Vote Solar hopes to accomplish these policy goals with help from an important constituency in 2020 — solar customers. The organization wants to “mobilize power in solar” and educate solar customers about how to influence legislators and commissioners in favor of the energy that helps lower their electric bills and green the grid. These voices are crucial in all of Vote Solar’s efforts to elevate solar + storage instead of fossil fuels.
“We have a really big choice in front of us, and so the fights that we will be having at Vote Solar this year are to make the right choice clear,” Constantine said. “We can make a lot of investments over the next three or four years in fossil gas for our electricity system, which will lock us in for years to basically the status quo, or we can adopt these new inexpensive-and-getting-cheaper technologies and choose a different path going forward.”
matthew says
is there a restrictions on nursing homes to get a solar panels in California?
Kelly Pickerel says
No
Rich Haering says
No info on Texas?
Kelly Pickerel says
We highlight Texas in Part 2: https://www.solarpowerworldonline.com/2020/01/part-2-more-solar-policy-efforts-to-watch-2020/
Jim Johnson says
We are at a period of change were we should be looking for the most effective methodology to solve our energy problems. This has zero to do with climate, but everything to do with efficiency and effectiveness. Alas, new homes are typically built to the old rules to remain cheap. New homes, even the tiniest, should be designed for maximum insulation and with due regard to the sun’s affects on heating and cooling. The design should include solar generation to lessen the demands on the grid or indeed become entirely free and independent of the grid.
Our roofs and highways are literally deserts.
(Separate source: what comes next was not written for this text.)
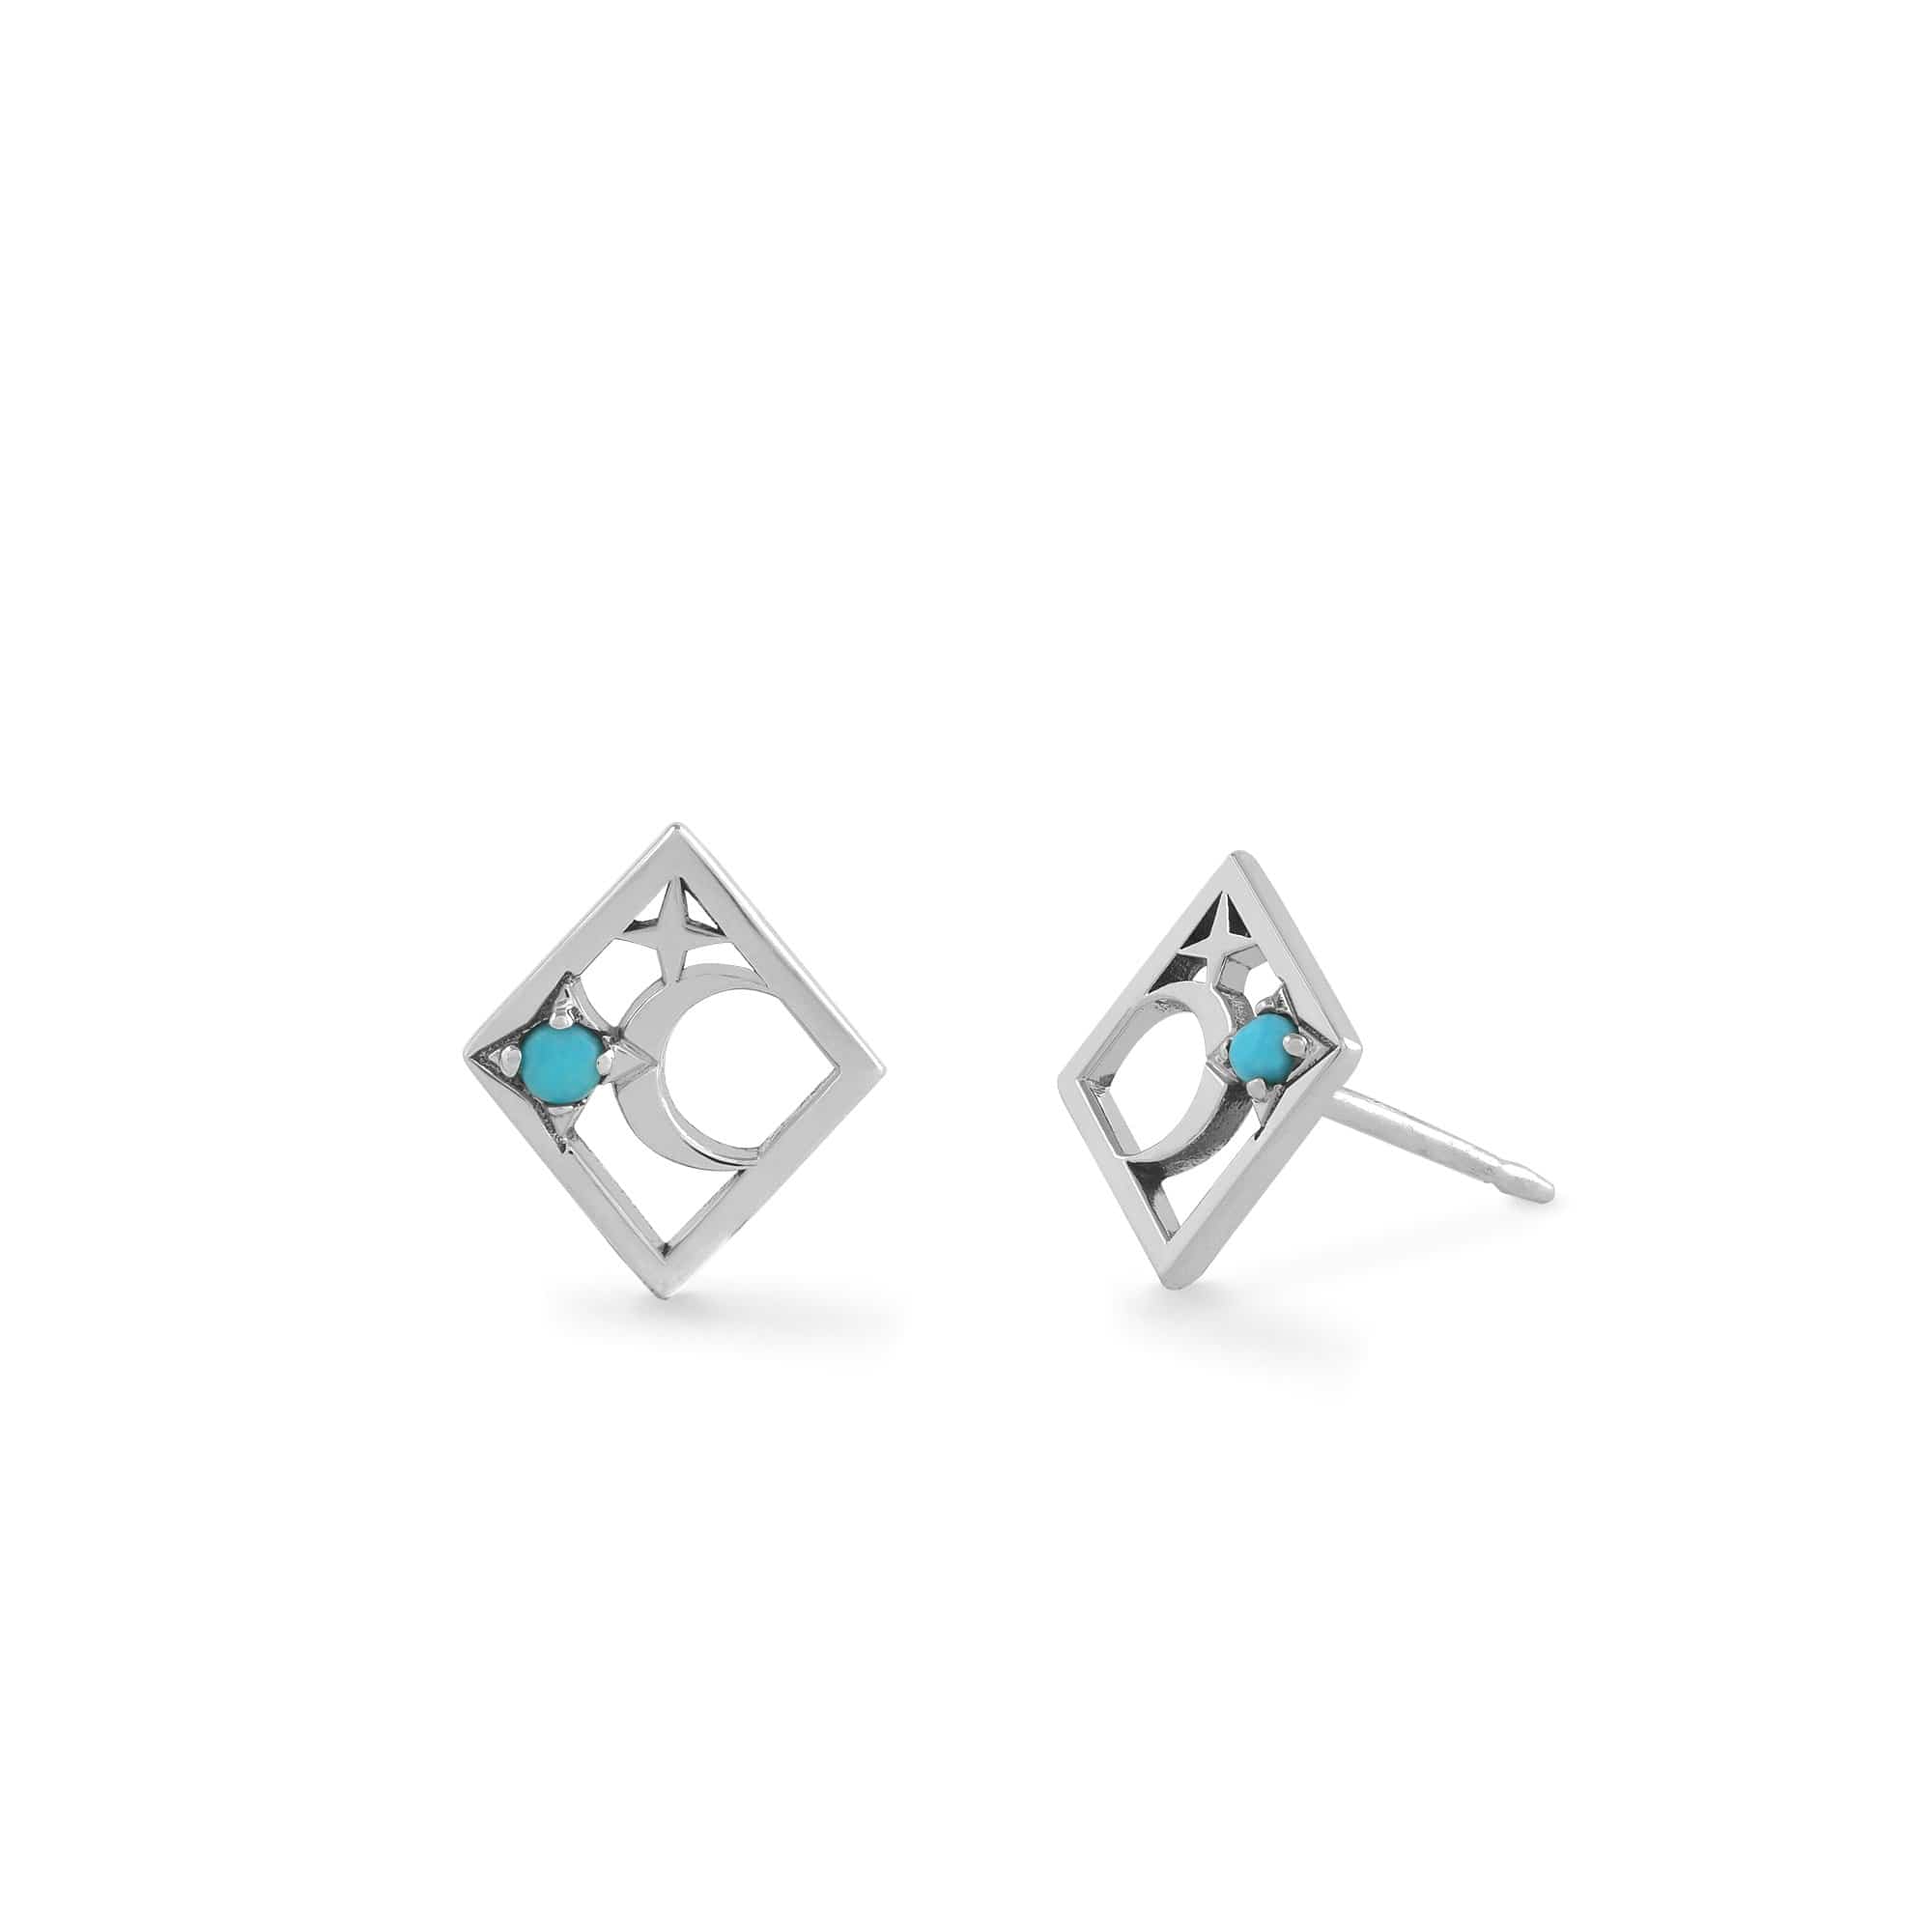 Boma Jewelry Earrings Moonlight Studs with Turquoise

Consider Manhattan Island, there is about 1 square mile of green with Central Park and nearly zero solar panels or greenery on the roofs. In LA there are parking lots everywhere–literally deserts–they are black and absorb all the sun’s energy. Yes, asphalt is cheap, but how does that heat affect world climate. Oh, and LA has to import every drop of its water and it still gets wasted. On and on. Shade the parking lots with solar panels and kill three birds with one stone. Cool cars, power to the grid and shade on the asphalt.
Jim stack says
Great comment.
Eliot Kersgaard says
Thanks Kelsey! Glad you decided to include a little bit about what we will be seeing in Florida this year. In addition, we are watching a solar license plate bill to help fund workforce development and equip the private sector side of the knowledge equation with what we need to go solar more rapidly in Florida. In the hyperlocal focus we might start seeing more utilities follow FMPA’s advice and Georgia Power’s lead in raising fixed rates in order to deter net metering customers.